Project

General

Profile

Actions

Bug #20197

closed

Postponed job invocations are significantly reduced in Ruby 3.3

Added by osyoyu (Daisuke Aritomo) 4 months ago. Updated about 2 months ago.

Status:
Closed
Target version:
-
ruby -v:
ruby 3.3.0 (2023-12-25 revision 5124f9ac75) [x86_64-linux]
[ruby-core:116347]

Description

The number of postponed job invocations has been significantly reduced in Ruby 3.3.
While my understanding is that postponed jobs provide no guarantee of how soon registered callbacks will fire, I believe the current rate is too low for practical usage, especially for profilers such as StackProf.

A git bisect led me to https://github.com/ruby/ruby/commit/1f0304218cf00e05a4a126196676ba221ebf91f6 which obviously seems to be related, but I'm not sure why.

Repro

Expected

The job fires (nearly) immediately after being triggered.

In the following example, the job is triggered every 100 ms.

% ruby bin/test.rb # runs for 3 seconds
count: 1
count: 2
(snip)
count: 29

Actual

The job gets fired only once.

% ruby bin/test.rb
count: 1

Code

require 'mycext'

time = Time.now
th = Thread.new do
  loop do
    sleep 0.01
    break if Time.now - time > 3 # run for 3 seconds
  end
end
th.join
#include <pthread.h>
#include <stdio.h>
#include <time.h>

#include "ruby.h"
#include "ruby/debug.h"

int called_count;

void
postponed_job(void *ptr)
{
  called_count++;
  printf("count: %d\n", called_count);
}

_Noreturn void *
pthread_main(void *_)
{
  while (1) {
    rb_postponed_job_register_one(0, postponed_job, NULL);

    // Sleep for 100 ms
    struct timespec ts;
    ts.tv_sec = 0;
    ts.tv_nsec = 100 * 1000 * 1000;
    nanosleep(&ts, NULL);
  }
}

RUBY_FUNC_EXPORTED void
Init_mycext(void)
{
  called_count = 0;

  pthread_t pthread;
  pthread_create(&pthread, NULL, pthread_main, NULL);
}

Updated by kjtsanaktsidis (KJ Tsanaktsidis) 4 months ago

  • Assignee set to kjtsanaktsidis (KJ Tsanaktsidis)

I hacked at the postponed job infrastructure pretty extensively in 3.3, I’ll have a look at this bug in the next few days.

Thank you for your report!

Actions #2

Updated by osyoyu (Daisuke Aritomo) 4 months ago

  • Description updated (diff)

Updated by byroot (Jean Boussier) 4 months ago

especially for profilers such as StackProf.

Not that it makes this less of a bug, but note that recent versions of StackProf (and more mordern profilers like Vernier) avoid relying on postponed jobs, because no matter how frequent they may be triggered, that always give biased results.

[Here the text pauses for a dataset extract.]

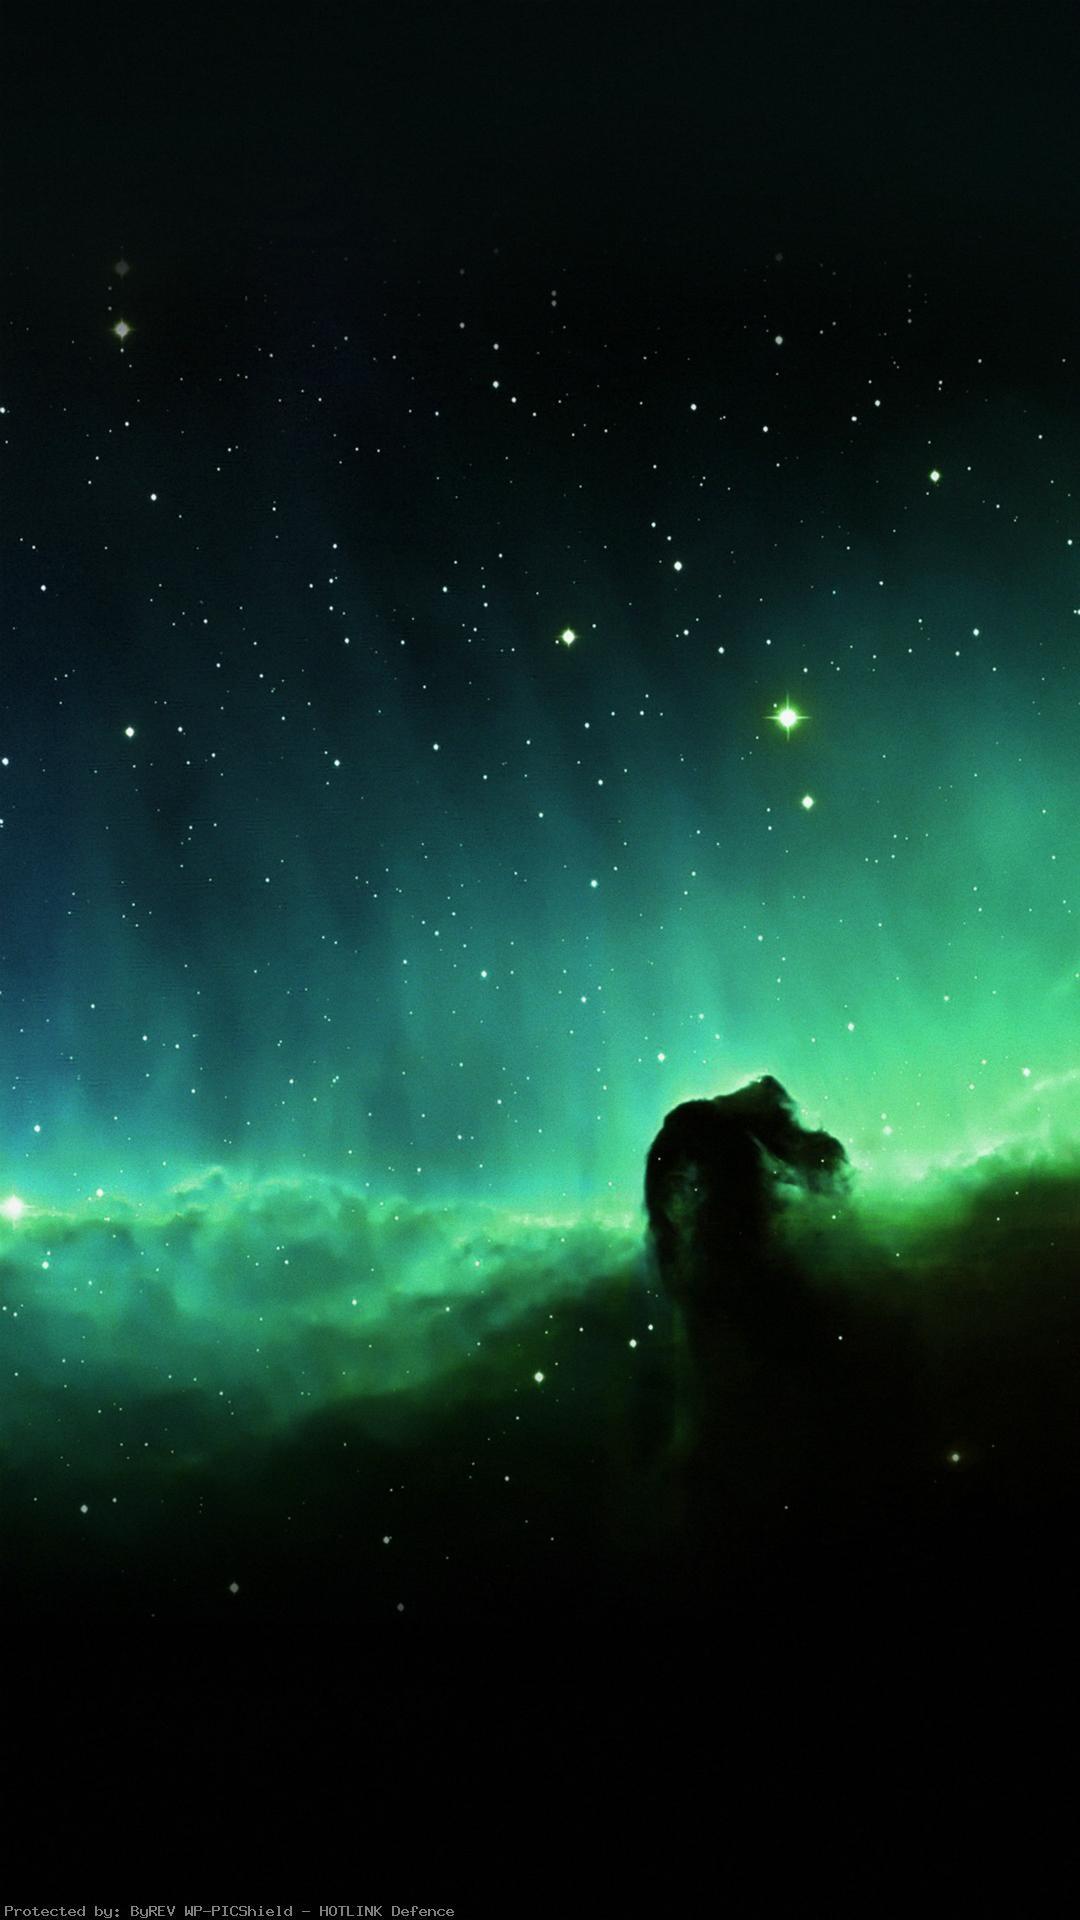 Horse-Head-Blue-Nebula-Sky-Space-Stars-iPhone-
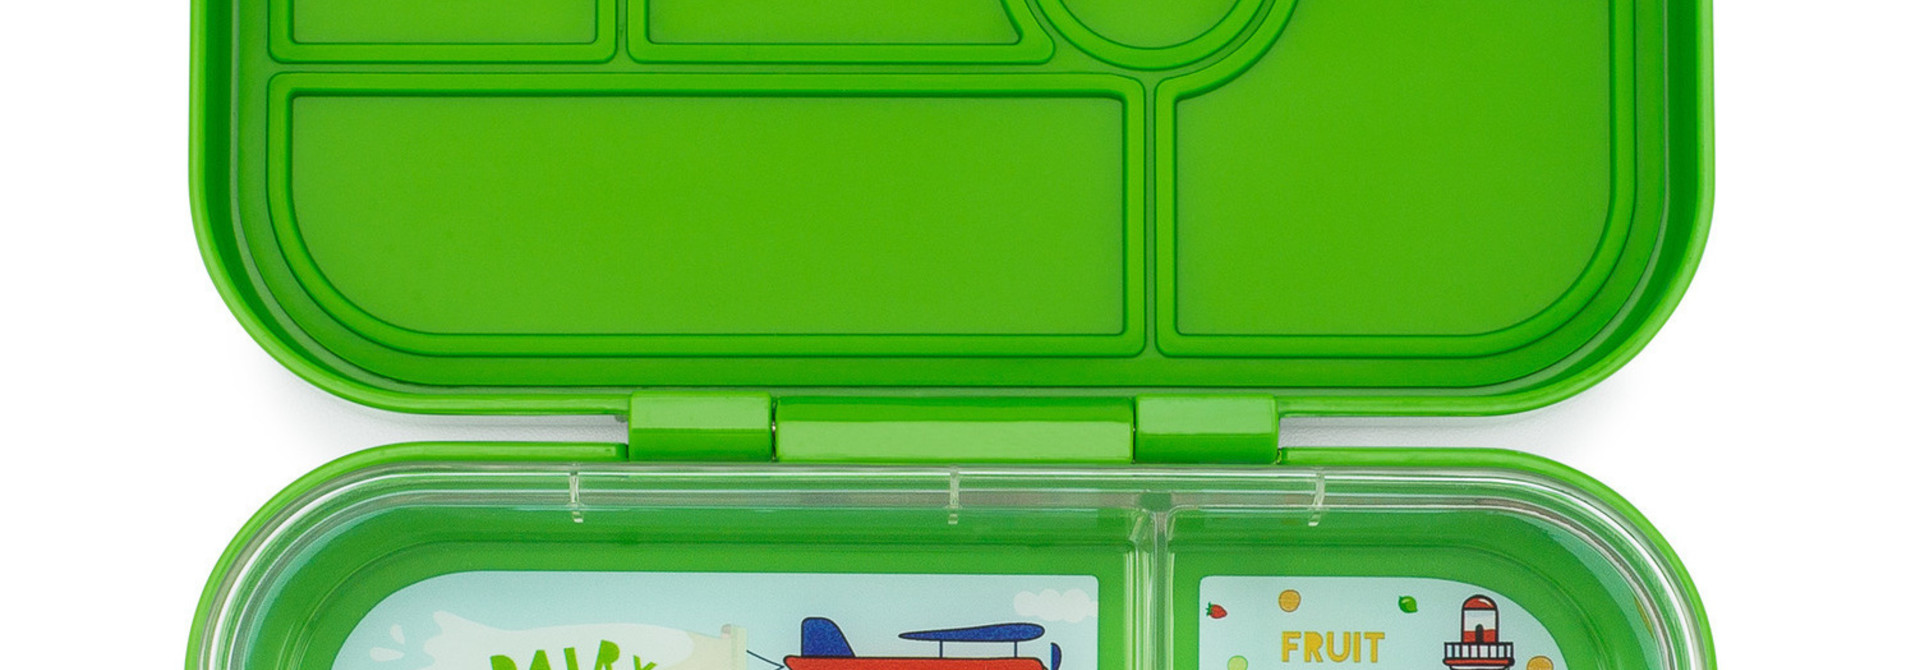 Yumbox Original broodtrommel 6 vakken, Cilantro groen / Explore tray

Ref: https://github.com/tmm1/stackprof/blob/ebdd3af48a2c4ddf35b0a73858ea72dcdb551188/lib/stackprof.rb#L7-L18

Updated by kjtsanaktsidis (KJ Tsanaktsidis) 4 months ago

OK, I investigated this a bit. The reason your example only runs the callback once is that the "is-an-interrupt-pending?" flag is a per-thread (technically per execution context) state. Normally, the rb_postponed_job_register_one (and the new rb_postponed_job_trigger function as well) will set the interrupt-pending flag on the currently thread, which is what you want when running in a signal handler. However, when you're running from a non-ruby thread, you need to pick a ruby thread to set the flag on.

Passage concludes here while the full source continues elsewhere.